When estimating any difference-in differences using regression, what is the coefficient of interest? Provide an example to show your knowledge.
The coefficient of interest is 𝛽(𝑇 𝑟𝑒𝑎𝑡𝑚𝑒𝑛𝑡×𝑇 𝑖𝑚𝑒), such as in the following regression:
𝑌 = 𝛽0 + 𝛽1(𝑇 𝑟𝑒𝑎𝑡𝑚𝑒𝑛𝑡) + 𝛽2(𝑇 𝑖𝑚𝑒) + 𝛽3(𝑇 𝑟𝑒𝑎𝑡𝑚𝑒𝑛𝑡 × 𝑇 𝑖𝑚𝑒) + 𝜖
Take Card and Krueger (1994). In this study, the treatment is New Jersey (where the
minimum wage law got passed), and we are interested in the post-treatment period.
Thus, in Card and Krueger (1994), the main coefficient of interest is 𝛽(𝑁 𝐽 × 𝑃 𝑜𝑠𝑡 −
𝑡𝑟𝑒𝑎𝑡𝑚𝑒𝑛𝑡 𝑝𝑒𝑟𝑖𝑜𝑑) in the following regression:
𝐸𝑚𝑝𝑙𝑜𝑦𝑚𝑒𝑛𝑡 = 𝛽0 + 𝛽1(𝑁 𝐽 ) + 𝛽2(𝑃 𝑜𝑠𝑡 − 𝑡𝑟𝑒𝑎𝑡𝑚𝑒𝑛𝑡 𝑝𝑒𝑟𝑖𝑜𝑑) + 𝛽3(𝑁 𝐽 × 𝑃 𝑜𝑠𝑡 −
𝑡𝑟𝑒𝑎𝑡𝑚𝑒𝑛𝑡 𝑝𝑒𝑟𝑖𝑜𝑑) + 𝜖
What does staggered adoption mean in the context of difference-in-differences? Be specific and provide an example
Staggered adoption simply means that the exposure to the treatment takes place for different units at different time periods.

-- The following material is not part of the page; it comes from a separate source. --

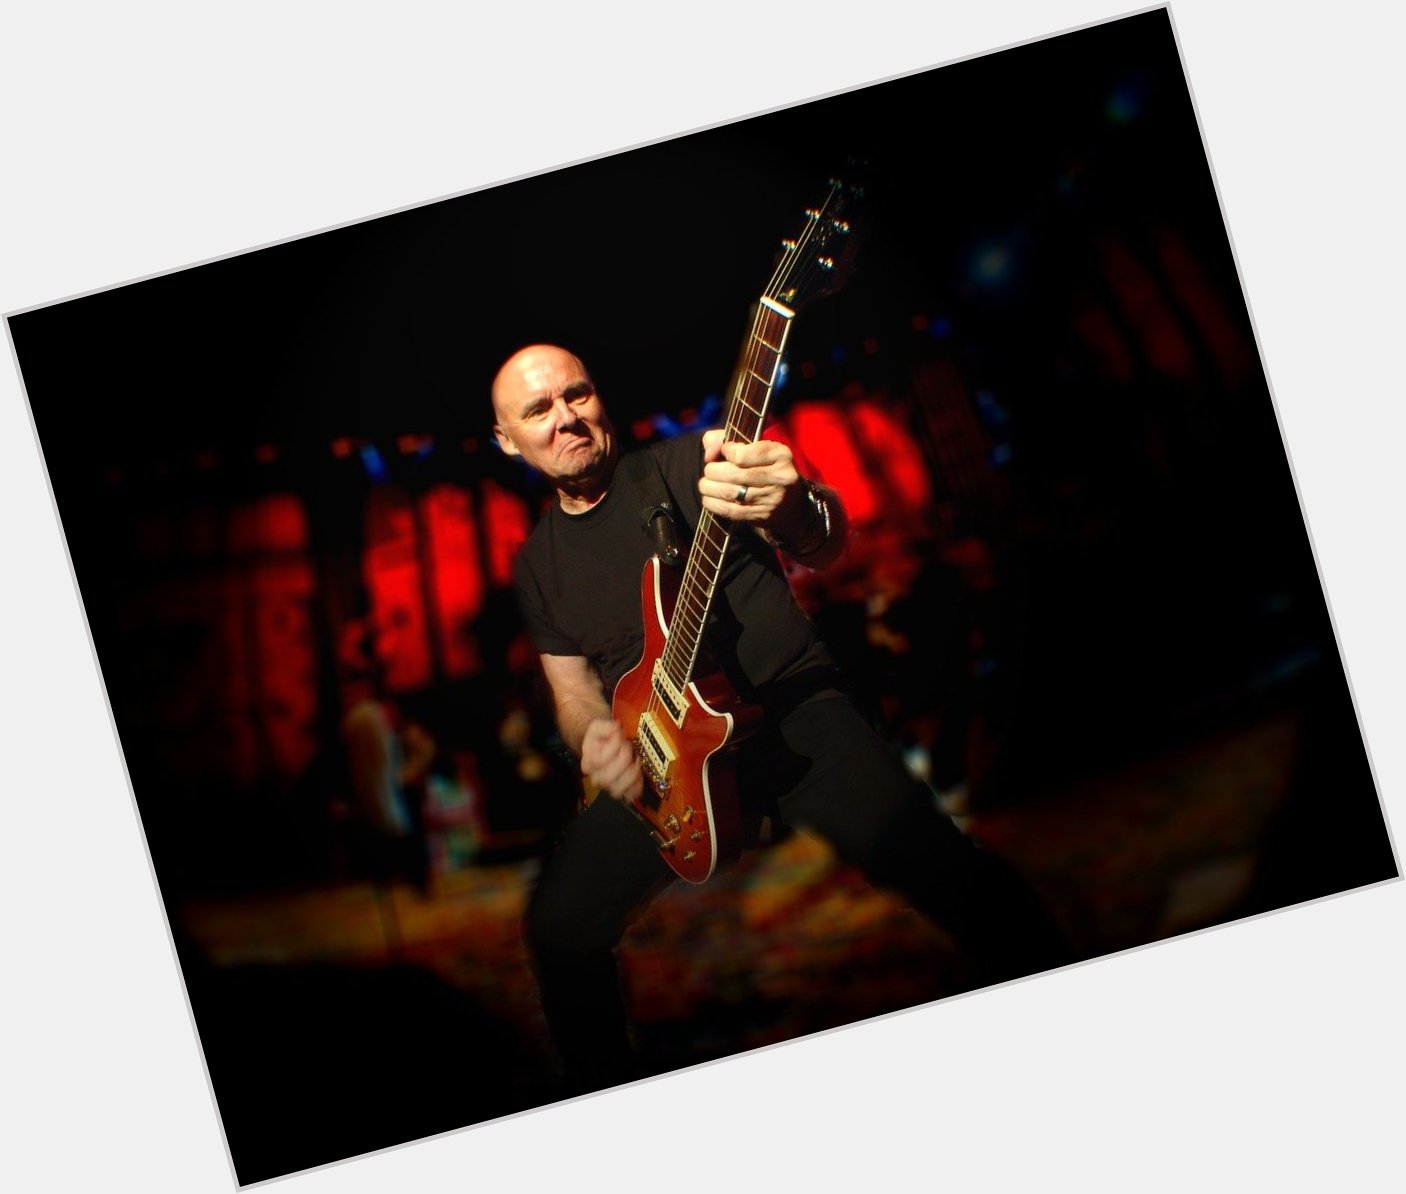 Happy Birthday to the late, great Ronnie Montrose, born 11/29/1947.

In Motolinia (2021), not all legislative districts in Mexico adopted the lifting of the ban on reelection at the same time.
Explain the difference-in-differences strategy in Helms (2024) in detail
Helms (2024) uses the end of the of the Multi-Fibre Agreement (MFA) in 2005 as an exogenous shock/treatment. Then, he interacts that post-treament time dummy variable with the district-level employment levels in the textile sector in 2004. The idea is that having high-level of textile employment will increase riots in the post-treatment period.